In Incontro a Praga, Anna Seghers orchestrava un impossibile convegno fra Kafka, Gogol’ e Hoffmann nelle prospettive dell’enigmatica città. Nella medesima maniera Massimo Padalino, in Rumore su carta, pur in un ambito cronologicamente più ordinato, sfugge i vincoli temporali per proiettare il lettore in un labirinto di specchi all’interno del quale si riflettono le immagini di alcuni fra i maggiori scrittori dagli anni Cinquanta sino al passato più recente. Il libro, dall’impaginazione postmoderna nel suo citazionismo estremo e nella sua pregnanza frammentata, aspira definire i rapporti fra musica e letteratura in un orizzonte molto ampio. L’incipit è in verità meno sorprendente rispetto al seguito del volume, in quanto l’ambito Beat vanta una letteratura molto vasta, e le influenze reciproche fra jazz e scrittura sono state ampiamente indagate. “Lui è l’assolo di Charlie Parker fatto uomo”, afferma ad esempio l’autore riferendosi a Dean Moriarty, il cui dinamismo trascina letteralmente l’azione di Sulla strada, opera cardine dell’epoca.
Le ossessioni ibride di Philip Dick si esplicano in una narrativa onnivora a comporre un enorme puzzle indecifrabile. Colonna sonora della trilogia di Valis la “musica sincronicistica”, refrattaria a qualsiasi pensiero organizzativo e frutto di mera casualità. In quest’ottica il suono è metafora del caos, uno stato di disordine ben presente anche nelle opere di William Burroughs. Lo scrittore americano ambisce esplorare nuove aree psichiche coniando un linguaggio del tutto originale, costruito come un collage composto dai più disparati frammenti. La tecnica del cut-up contagia artisti di enorme calibro come David Bowie e David Byrne, e l’uso di tale espressione verbale non è casuale, in quanto il linguaggio è una sorta di virus che destabilizza la realtà.
In Ballard la dicotomia ordine / disordine presiede alla drammatizzazione dell’esistenza. Nell’universo di Thomas Pynchon, “il grande scrittore apocalittico dell’epoca moderna”, la musica è eternamente presente, ma pochi hanno provato ad analizzarne le funzioni. Sfogliando il libro, ricchissimo di disparate tangenze, scopriamo che Douglas Coupland mutuò il titolo di un suo romanzo del 1998, Girlfriend in a coma, da una nota canzone degli Smiths, gruppo che compare ripetutamente nelle derive emozionali e nelle riflessioni politiche del testo. L’analisi di Padalino non si limita a individuare i riferimenti musicali nelle diverse trame romanzesche, come ad esempio la presenza oltremodo significativa di Iggy Pop in Trainspotting di Irvine Welsh, ma aspira penetrare le assonanze fra linguaggio e suono. Così in Gaddis individua nella stratificazione polifonica “il principio formale della scrittura”, mentre in DeLillo il mondo diviene un luogo saturo di onde e segnali che attendono, invano, di essere decodificati.
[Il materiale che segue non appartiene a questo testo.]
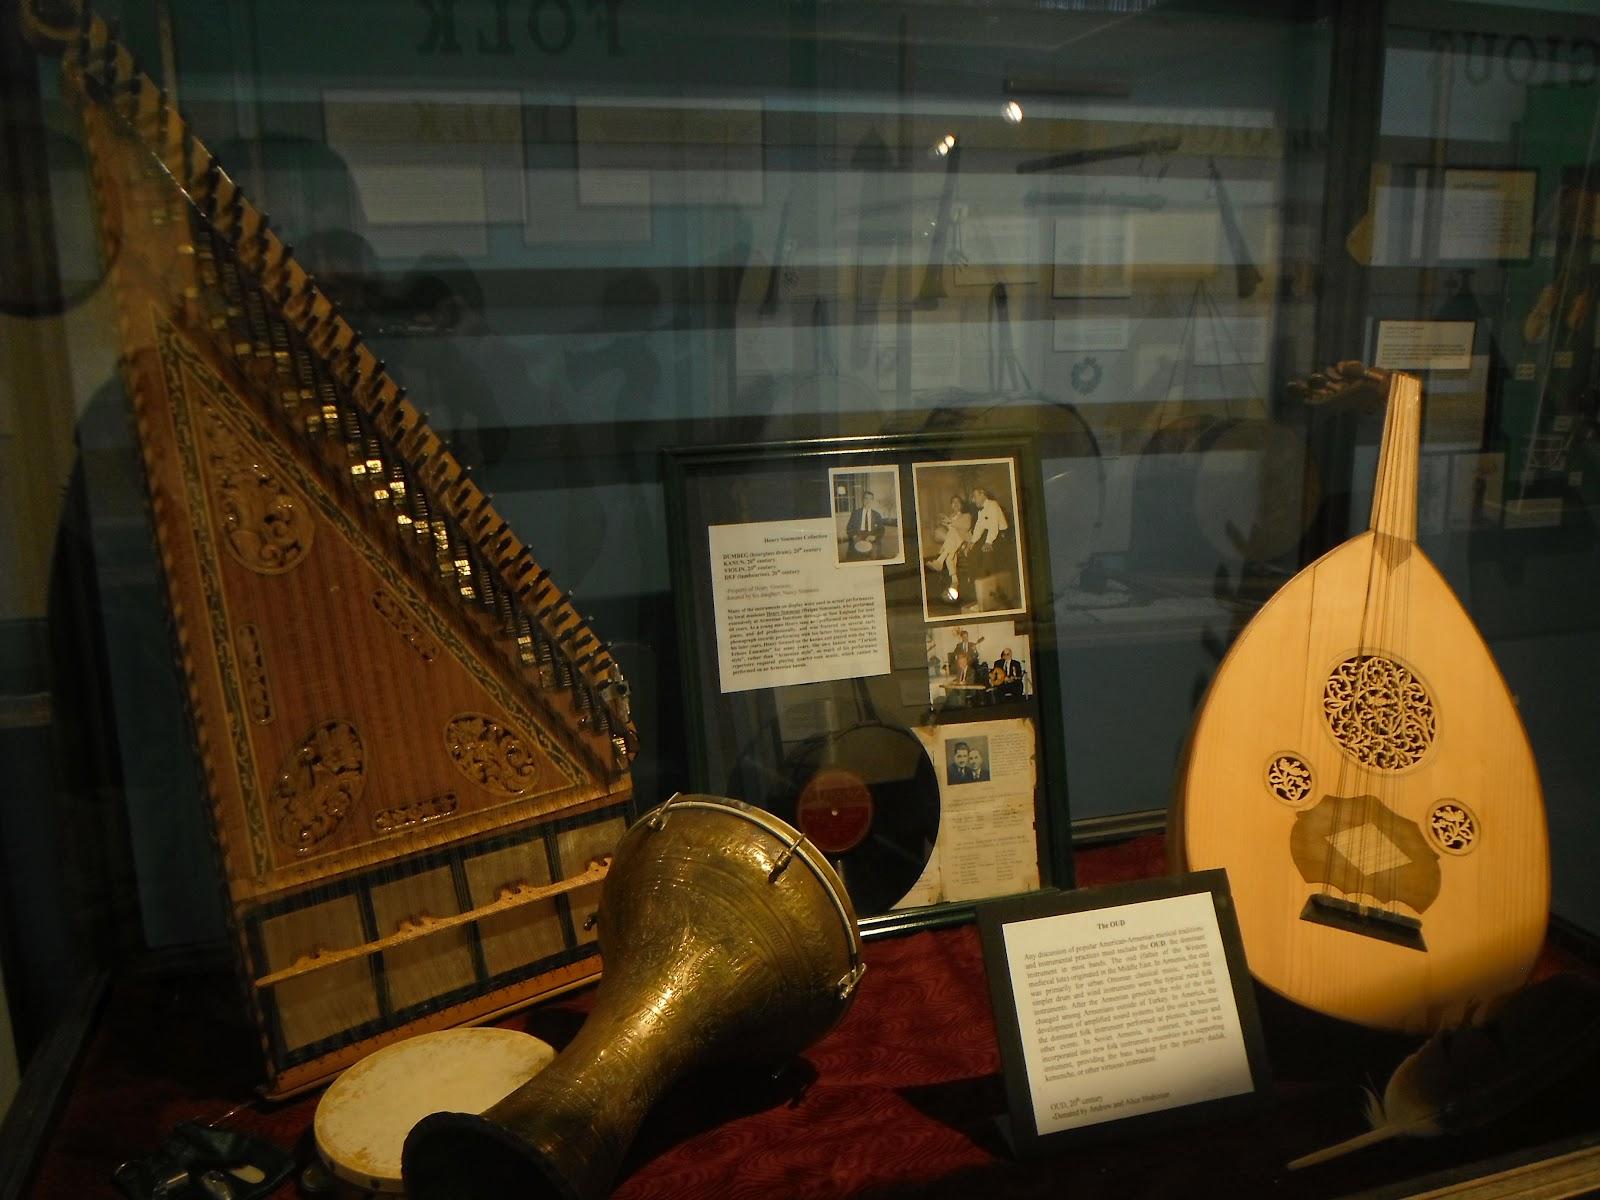 К примеру, сантиметровый дудук считается наиболее подходящим для исполнения любовных песен, в то время как более короткий чаще аккомпанирует танцам.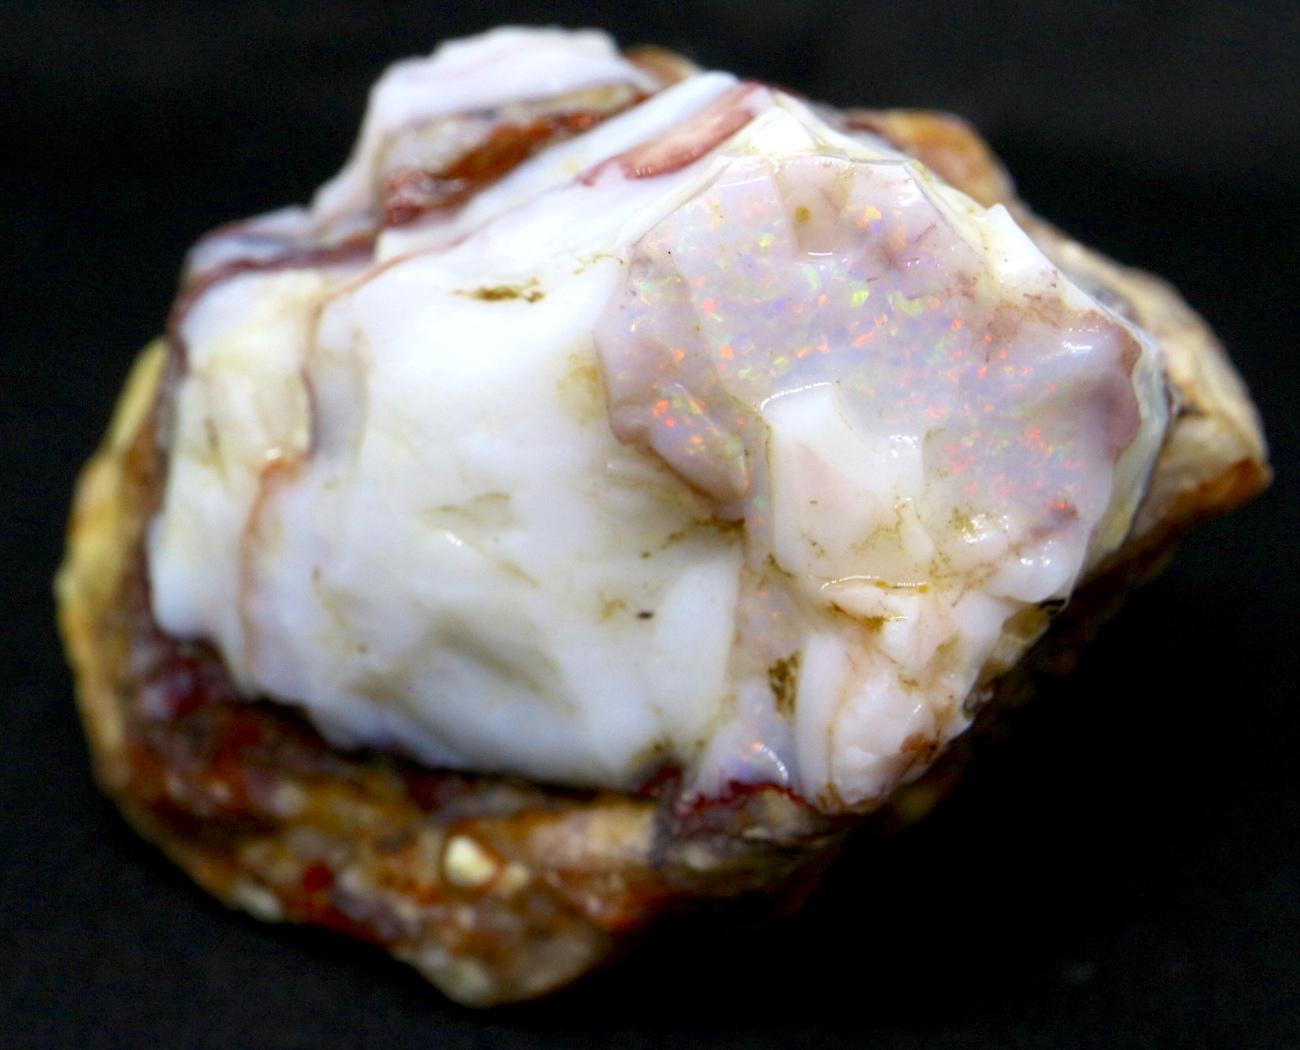 スペンサーオパール アイダホ産 58,2g SCO035 原石 鉱物 天然石 パワーストーン

Il frastuono della contemporaneità entra nella creazione letteraria. In Bolaño la musica sfiora la metafisica, mentre in Arancia meccanica di Burgess la cultura alta, ovvero la musica di Beethoven, non è garanzia di elevati principi etici, ma anzi fa da sfondo a delitti efferati. Nei meccanismi complessi di Sebald, infine, i riferimenti musicali adombrano la nostalgia per un mondo mai vissuto ed evaporato nelle nebbie del tempo. Gli addetti ai lavori troveranno in Rumore su carta una moltitudine di spunti sui quali riflettere, ma anche chi non ha ampia dimestichezza con il postmoderno potrà individuare un proprio percorso, una chiave per fare luce su uno dei periodi più variegati e complessi nell’intera storia dell’umanità.
Per chiudere chiediamo ancora ausilio alla sfrenata fantasia di Dick il quale, in un suo racconto giovanile intitolato La macchina salvamusica, immaginava di trasformare gli spartiti in esseri viventi per sottrarli all’inevitabile distruzione. L’inorganico tramutato in organico soggiace alle passioni più nocive, sfuggendo al controllo morale del creatore e aprendo inquietanti scenari di immediata attualità. “In un mondo che va a pezzi, la prima a scomparire è la musica”, scrive Padalino riferendosi al romanzo La strada di Cormac McCarthy, pauroso affresco di desolazione. L’assenza del valore etico e consolatorio dell’arte musicale rappresenta la prospettiva più terrificante che si possa immaginare.